I know that my solution for numArgs is not optimal - but it was what I could come up with at the current moment..
Are there any way to optimize this code so C will work properly and perhaps avoid the elseif statments for more than 2 args..?
PS: I couldn't seem to find a build-in matlab function that does the hole thing for me..
Here's one approach. It tests if a given function represents a linear subspace or not. Technically it is only a probabilistic test, but the chance of it failing is vanishingly small.
First, we define a nice abstraction. This higher order function takes a function as its first argument, and applies the function to every row of the matrix x. This allows us to test many arguments to func at the same time.
function y = apply(func,x)
for k = 1:size(x,1)
y(k,:) = func(x(k,:));
end
Now we write the core function. Here func is a function of one argument (presumed to be a vector in R^m) which returns a vector in R^n. We apply func to 100 randomly selected vectors in R^m to get an output matrix. If func represents a linear subspace, then the rank of the output will be less than or equal to m.
function result = isSubspace(func,m)
inputs = rand(100,m);
outputs = apply(func,inputs);
result = rank(outputs) <= m;
Here it is in action.
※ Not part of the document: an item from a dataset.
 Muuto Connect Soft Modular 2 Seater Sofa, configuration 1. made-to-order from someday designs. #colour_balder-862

Note that the functions take only a single argument - where you wrote c(x1,x2)=[x1,0,x2] I write c(x) = [x(1),0,x(2)], which is slightly more verbose, but has the advantage that we don't have to mess around with if statements to decide how many arguments our function has - and this works for functions that take input in R^m for any m, not just 1 or 2.
>> v = #(x) [x,3*x]
>> isSubspace(v,1)
ans =
1
>> a = #(x) [x(1),3*x(1)+1]
>> isSubspace(a,1)
ans =
0
>> c = #(x) [x(1),0,x(2),-5*x(1)]
>> isSubspace(c,2)
ans =
1
The solution of not being optimal barely scratches the surface of the problem.
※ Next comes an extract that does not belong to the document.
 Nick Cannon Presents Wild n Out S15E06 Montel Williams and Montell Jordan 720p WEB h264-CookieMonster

I think you're doing too much at once: rref should not be used and is complicating everything. especially for numArgs greater then 1.
Think it through: [1 0 3 -5] and [3 0 3 -5] are both members of C, but their sum [4 0 6 -10] (which belongs in C) is not linear product of the multiplication of one of the previous vectors (e.g. [2 0 6 -10] ). So all the rref in the world can't fix your problem.
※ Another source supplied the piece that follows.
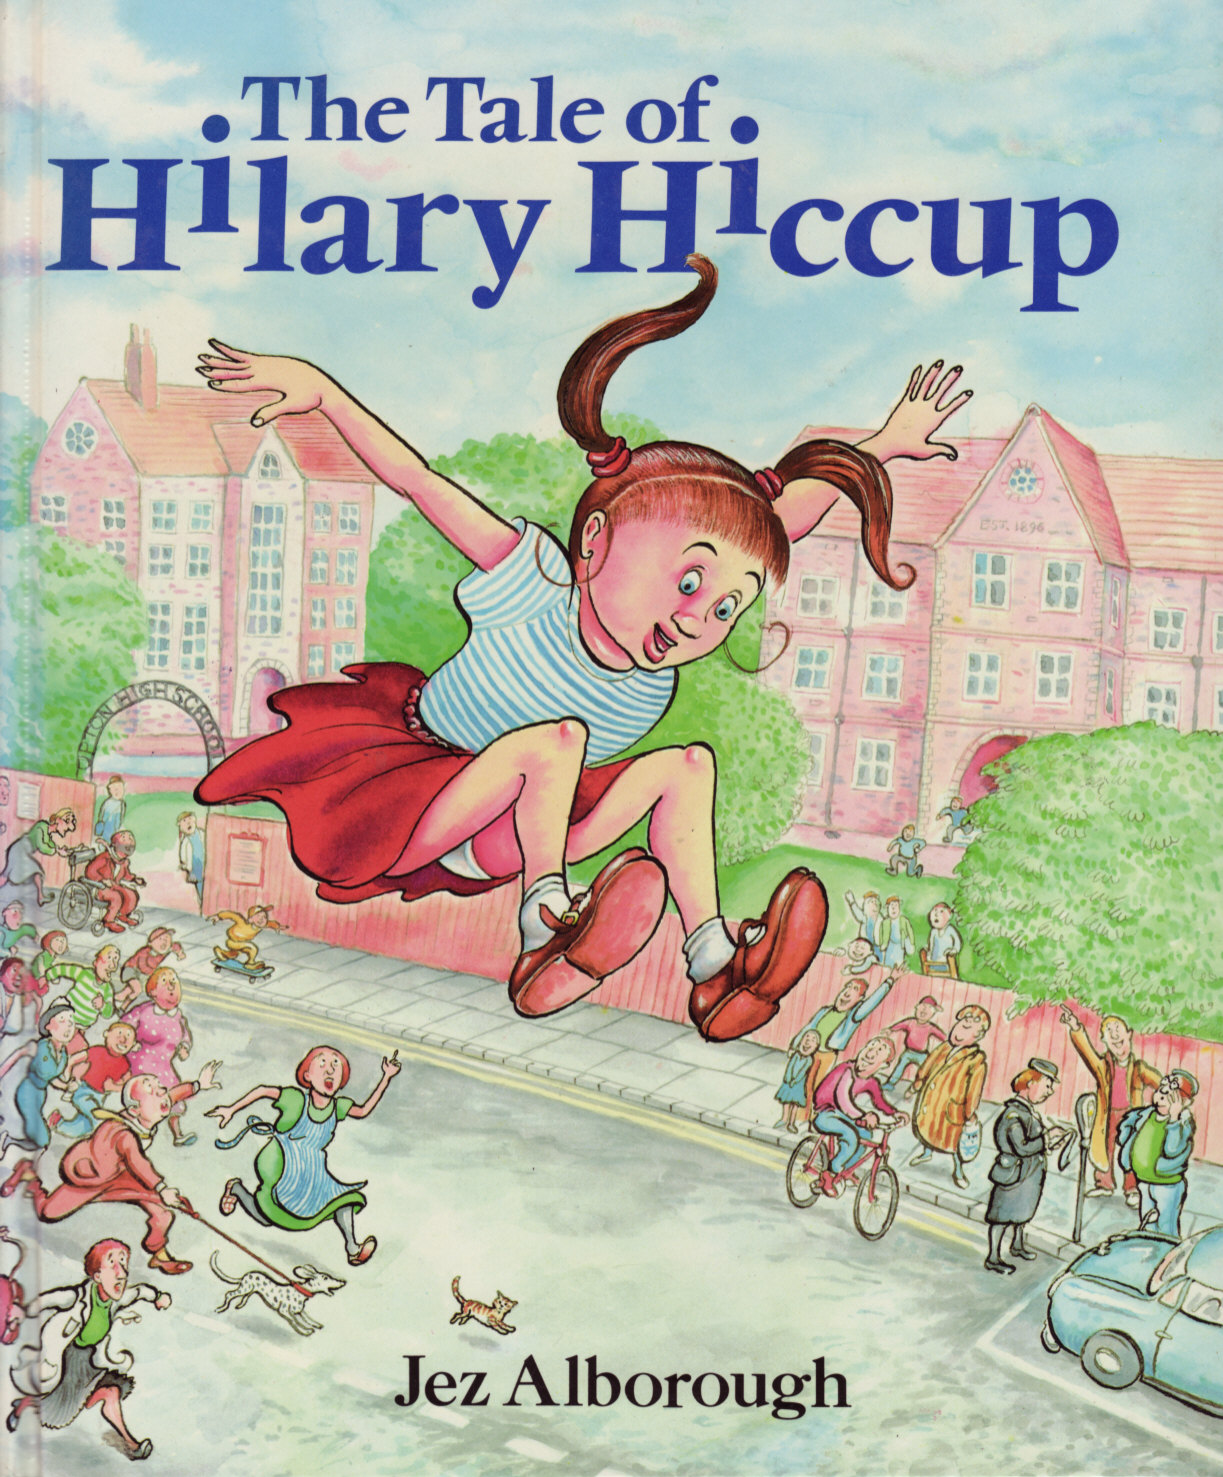 Hillary Hiccup

So what can you do instead?
you need to check if
(randn*subset(randn,randn)+randn*subset(randn,randn)))
is a member of C, which, unless I'm mistaken is a difficult problem: Conceptually you need to iterate through every element of the vector and make sure it matches the predetermined condition. Alternatively, you can try to find a set such that C(x1,x2) gives you the right answer. In this case, you can use fminsearch to solve this problem numerically and verify the returned value is within a defined tolerance:
[s,error] = fminsearch(#(x) norm(C(x(1),x(2)) - [2 0 6 -10]),[1 1])
s =
1.999996976386119 6.000035034493023
error =
3.827680714104862e-05
Edit: you need to make sure you can use negative numbers in your multiplication, so don't use rand, but use something else. I changed it to randn.